Odd as it sounds, she was my first baby. And good fucking gods above, it hurts to hear her talking like my mother in law. off the goddamn deep end. In the most real sense of the word.
And she's sick and scared, and her/their mom's dying, and I sat there and told her that "baby I know you're scared and, and I know love hurts, and yes, I know you're like mom and not quite right, and baby I love you. Never stopped. No matter how fucking angry I was."
And I cried, because she is truly fucking broken and I miss who she was before mainlining became her life and she fell off the deep end of insanity. And I miss her babygirl...We couldn't save her either.
I feel like B pushed us off the edge into the bad side of reality, and there's no scrambling back out. Everything falls that tiny slip of chance into the worst things could be. But it's never really the worst, because there's always more fucking bad.
I'll never really truly satisfy Alpha on my own. I feel like I barely even turn him on any more, and it only works if he supplements me with fantasy. It wasn't like that before her.
She poisoned my fucking existence. And I let her. Begged him to let her even.
I used to feel magic in my veins, the earth listened back, the trees whispered to my soul, I had somehow become clean of all the unclean things that happened to me. She ended all of that. I'm not magic anymore, maybe I never was and I'm just fucking crazy. And I'll never be clean again. To the roots of my fucking soul.
She won--my life will always be measured by before and after her. That's all she really wanted. Maybe that and because she broke us on purpose. Because we were big and beautiful and powerful, and she's a succubus. And we let her suck out and fucking destroy everything that was pure and beautiful in us.
Oh yea, and I hope my sons counselors rot in fucking hell, because my bright, well behaved kids are not the ones I would have called cps on in a city of half a million fucked up assholes.
Yea...Seems that when you fall off the bad edge of reality, it can always get worse.
Not too long ago, I was broken. At the time, I cared about not being broken. Now? I could really give a shit less as long as I can pull off being a decent parent. Which I am. Did I mention that I hope those gossiping, exaggerating, lying fucking cunts that my kids call counselors rot in hell?

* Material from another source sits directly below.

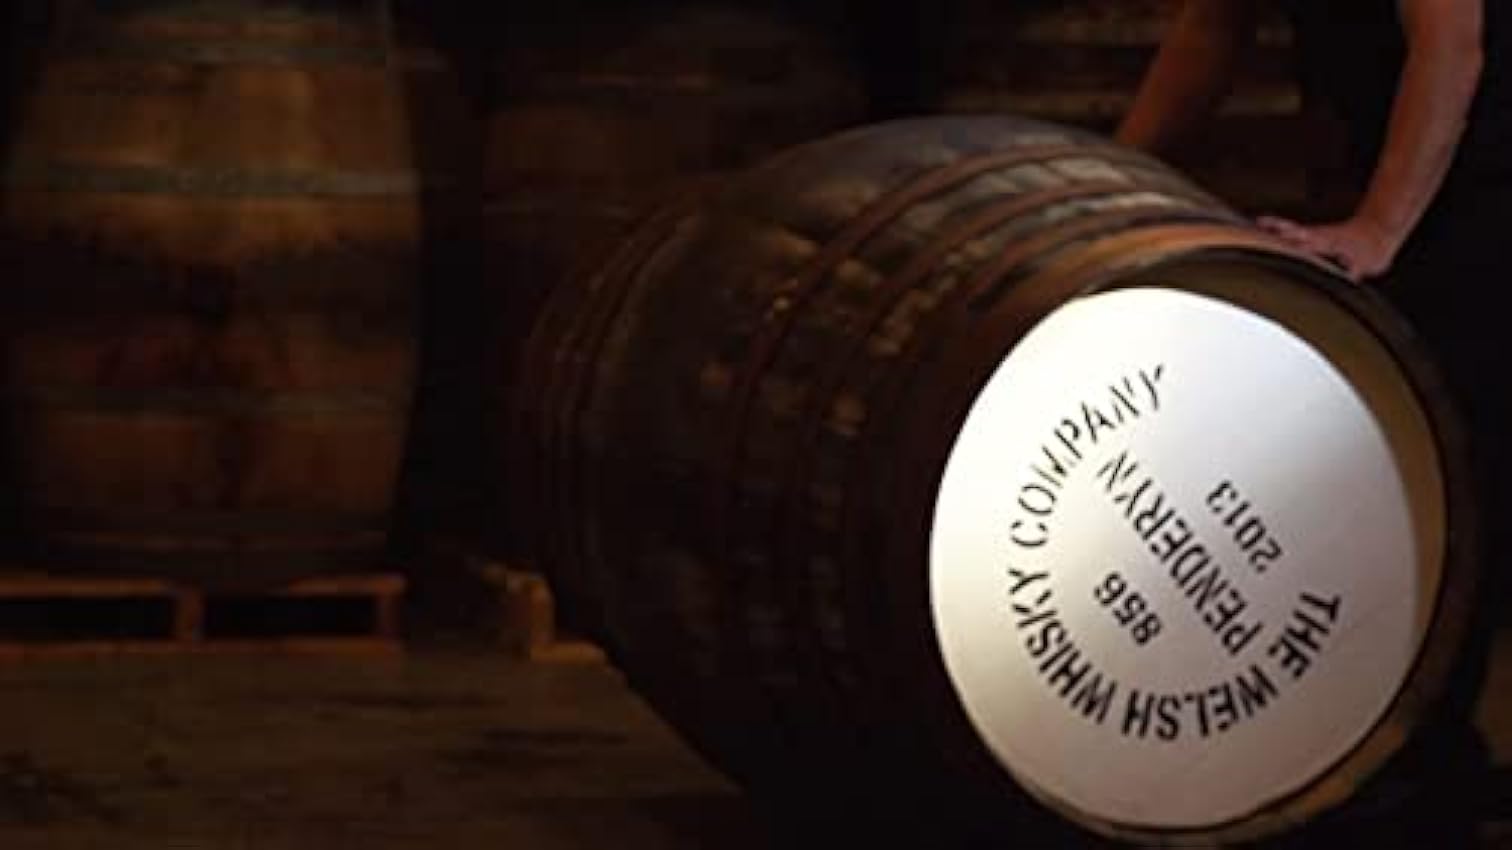 PENDERYN - Myth - Whisky Single Malt - 41% Alcool - Origine : Pays de Galles/Southern Wales - Bouteille 50 cl NknO02et
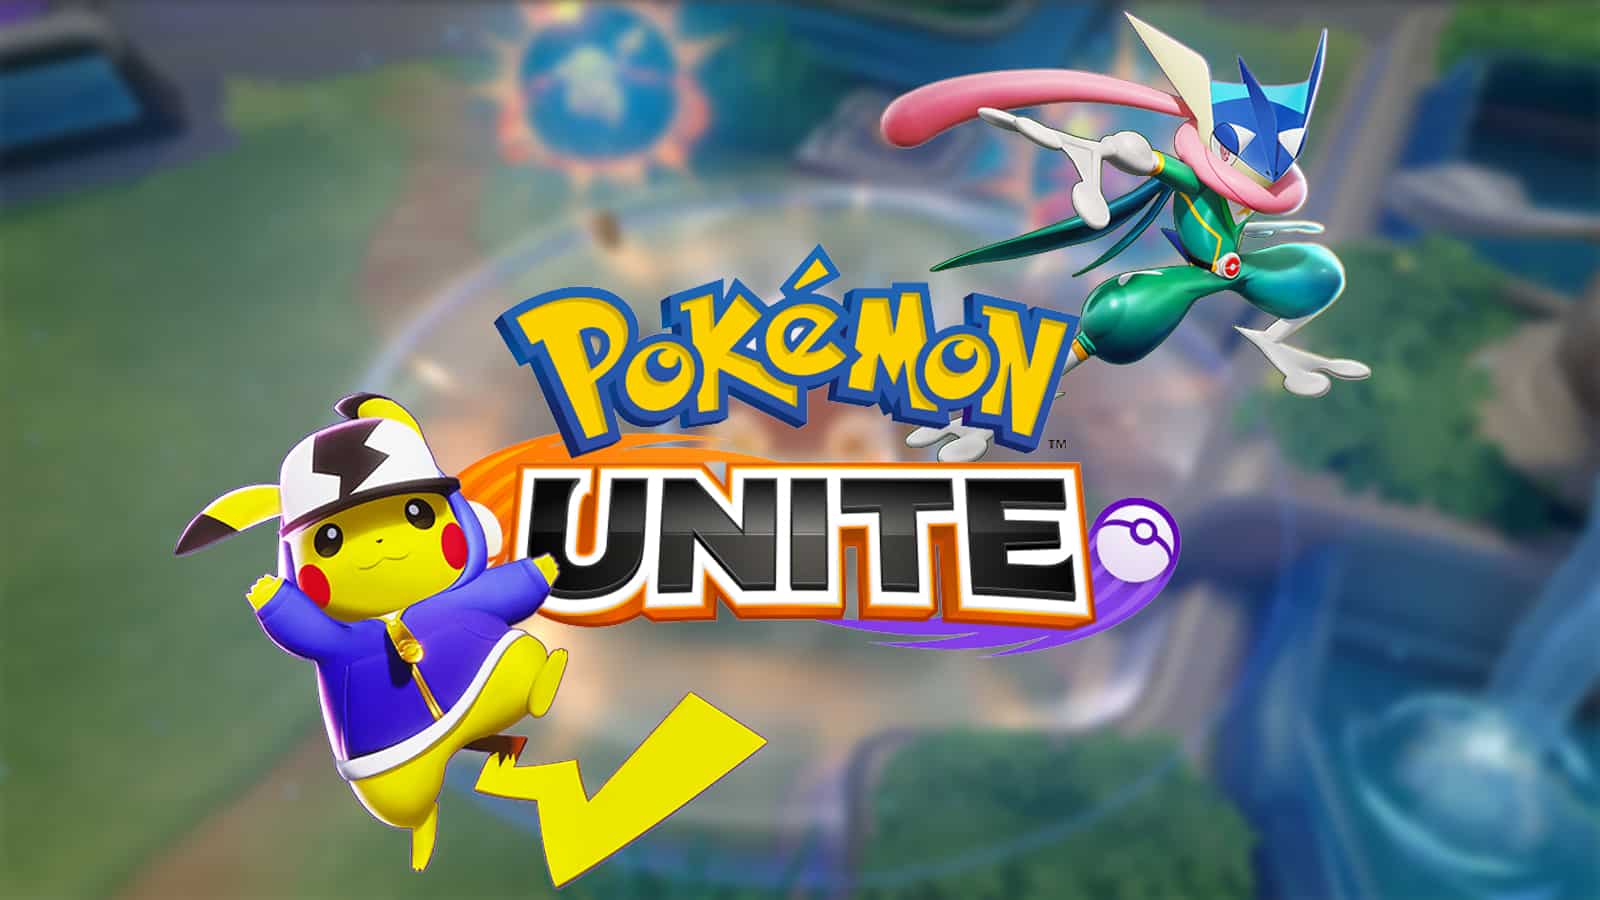 Pokemon Unite features

You win B--Your attempts at getting him to destroy himself by destroying me have been a success. Except for the fact that I can't hate him for it. And if he decides to, I'll let him drag me through the fucking mud until I die without holding it against him. All the fucking while hoping that I have pleased in some way because that is who I fucking am whether anyone, including myself, likes it or not.